[Work to complete]: Nothing but the lines below from the one holding "Girl's Dress with" up to and including the one holding "Residents are evacuated" should be copied, exactly and without pictures.

[Source material]:
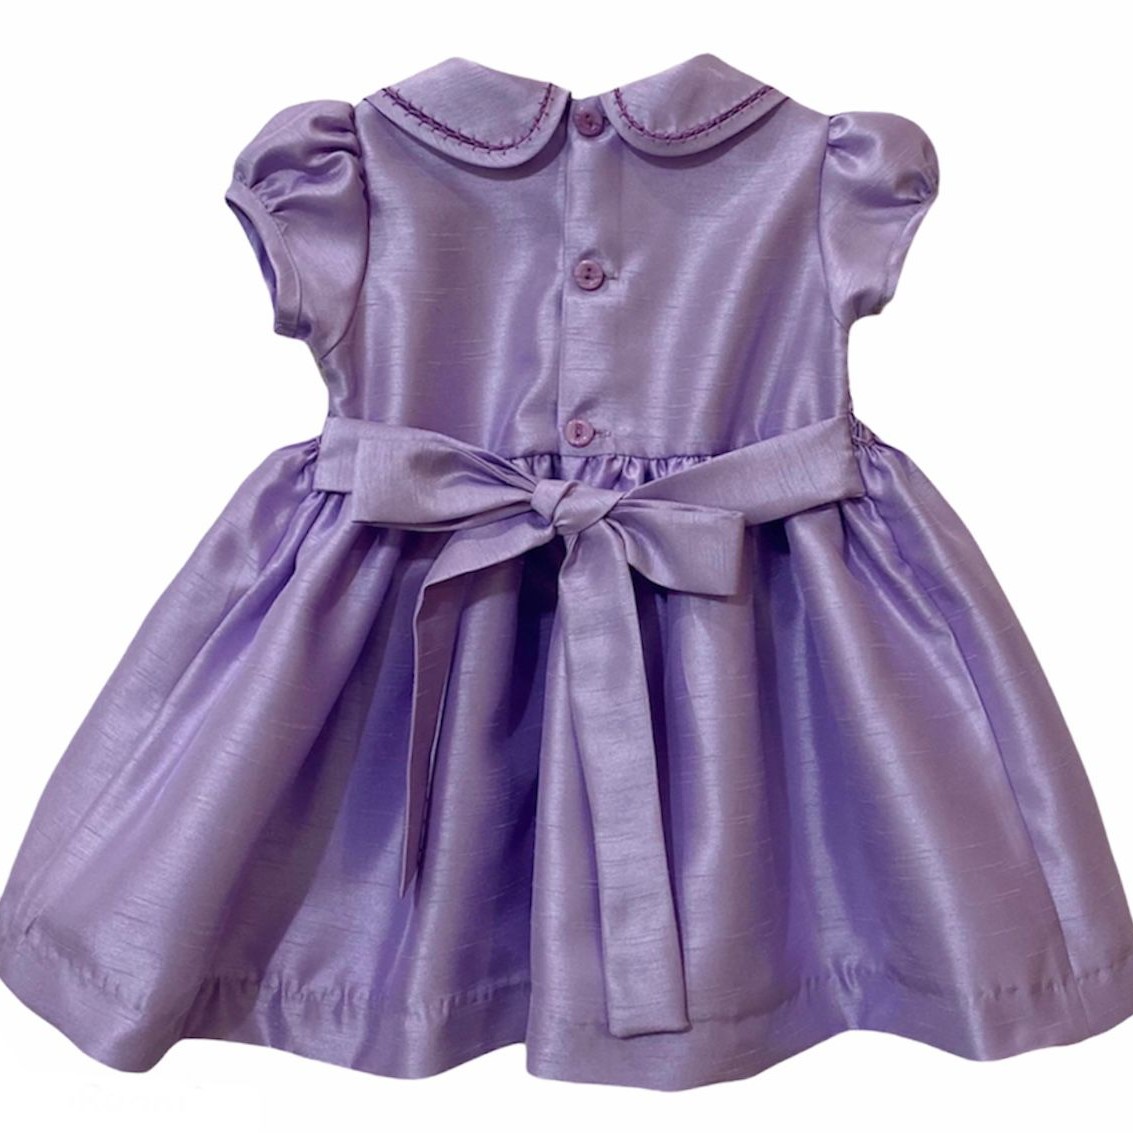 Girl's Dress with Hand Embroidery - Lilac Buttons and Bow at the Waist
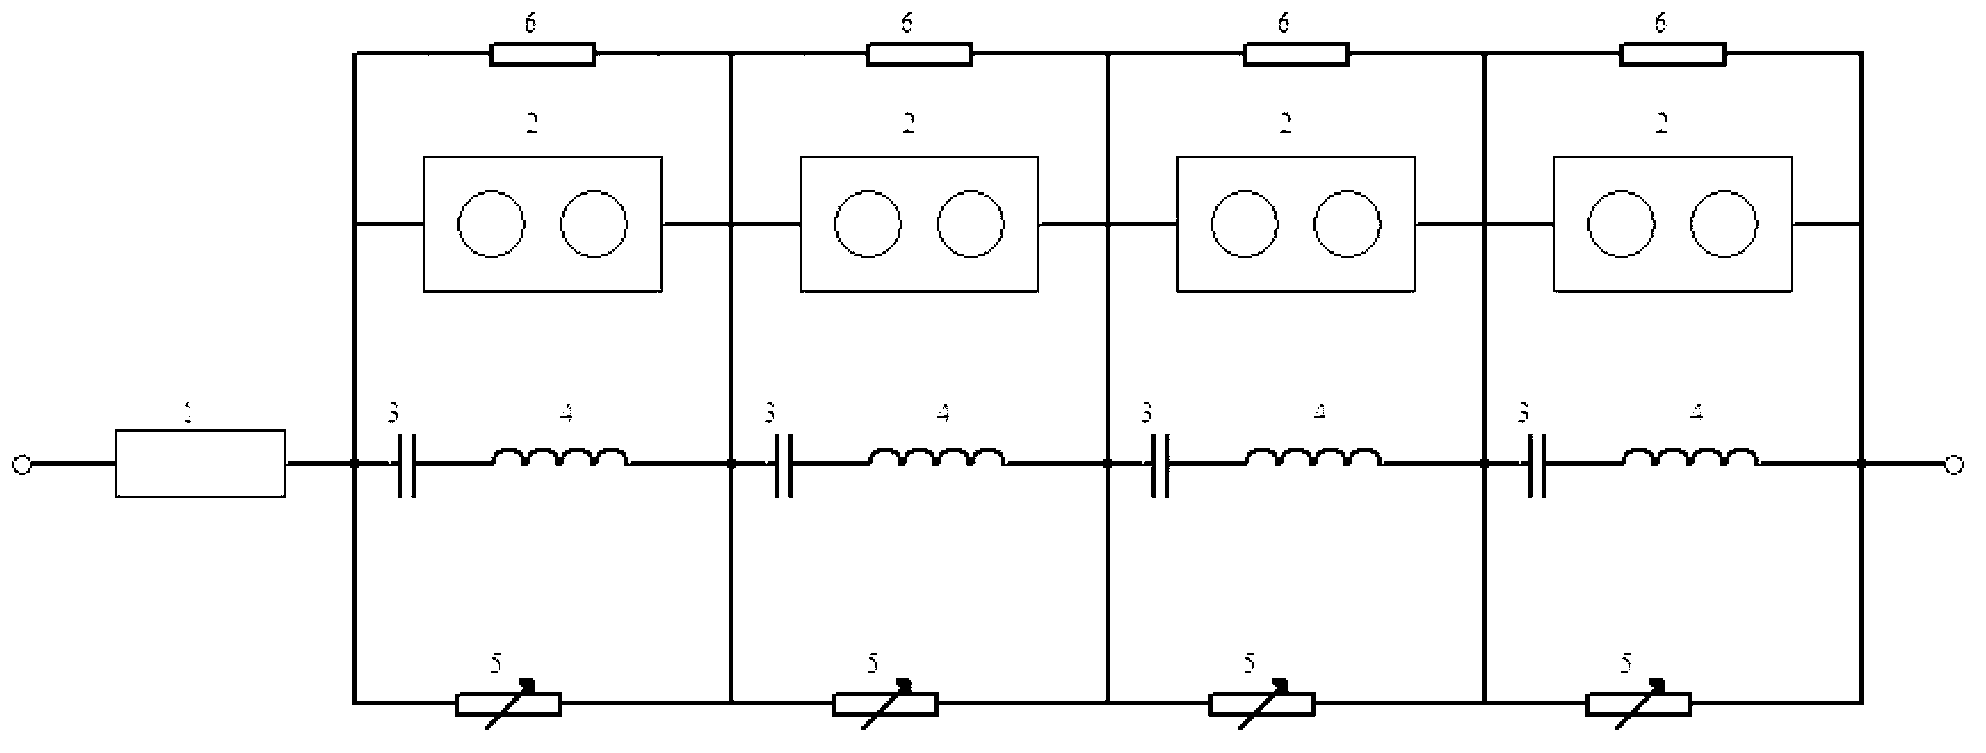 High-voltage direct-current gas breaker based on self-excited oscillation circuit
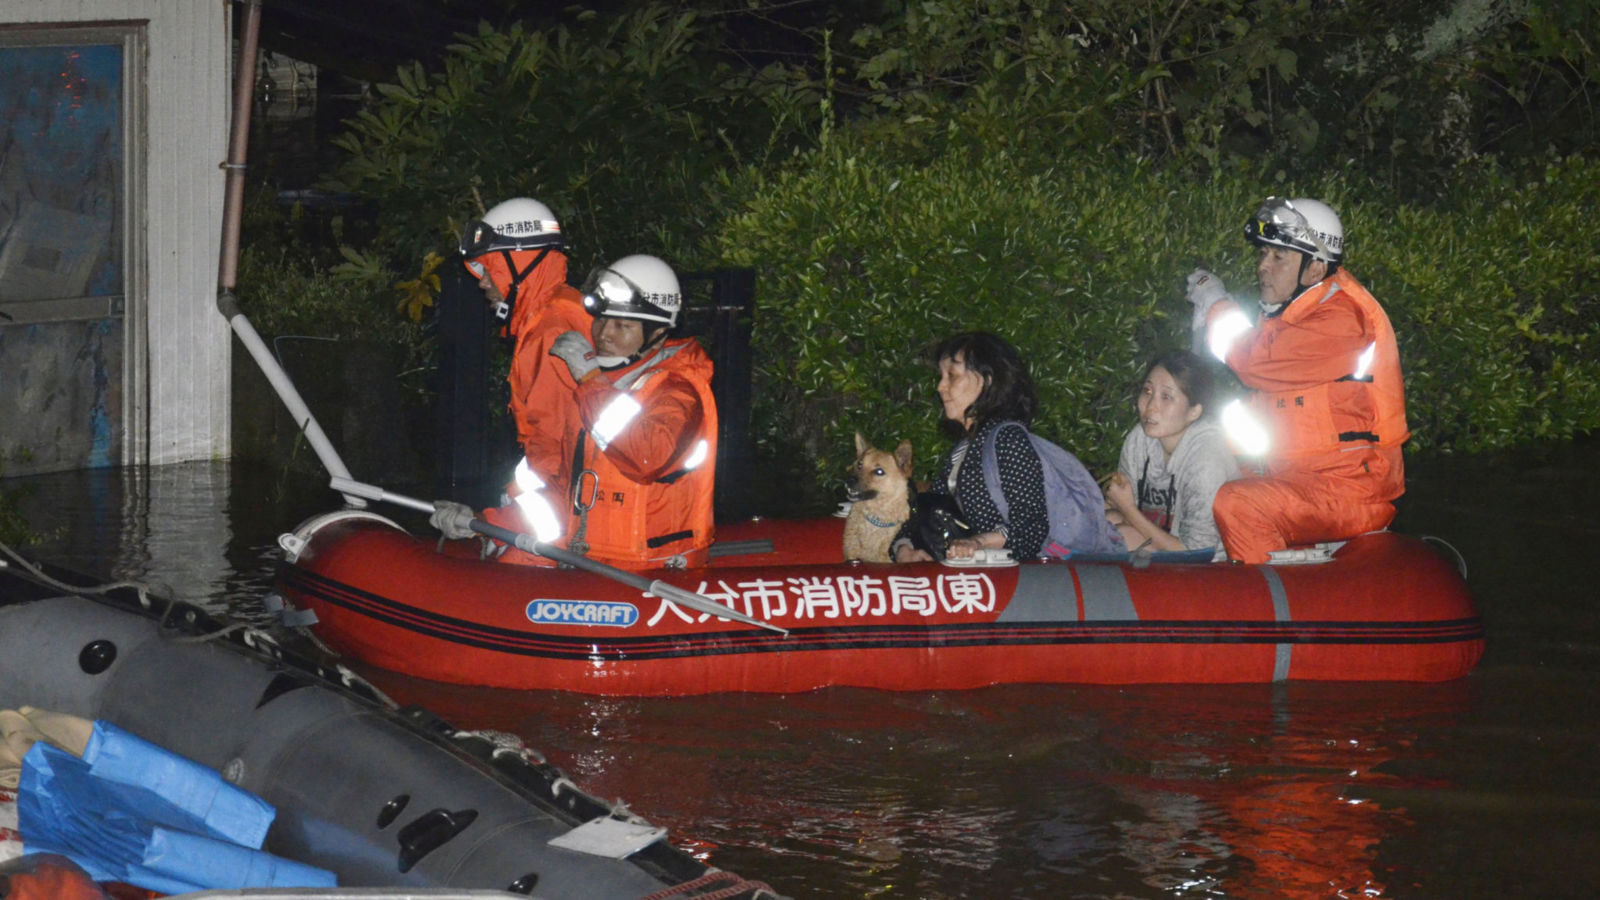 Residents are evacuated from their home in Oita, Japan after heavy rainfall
---
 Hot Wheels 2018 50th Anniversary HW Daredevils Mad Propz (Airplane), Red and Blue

[Answer to this problem]:
 Girl's Dress with Hand Embroidery - Lilac Buttons and Bow at the Waist
 High-voltage direct-current gas breaker based on self-excited oscillation circuit
 Residents are evacuated from their home in Oita, Japan after heavy rainfall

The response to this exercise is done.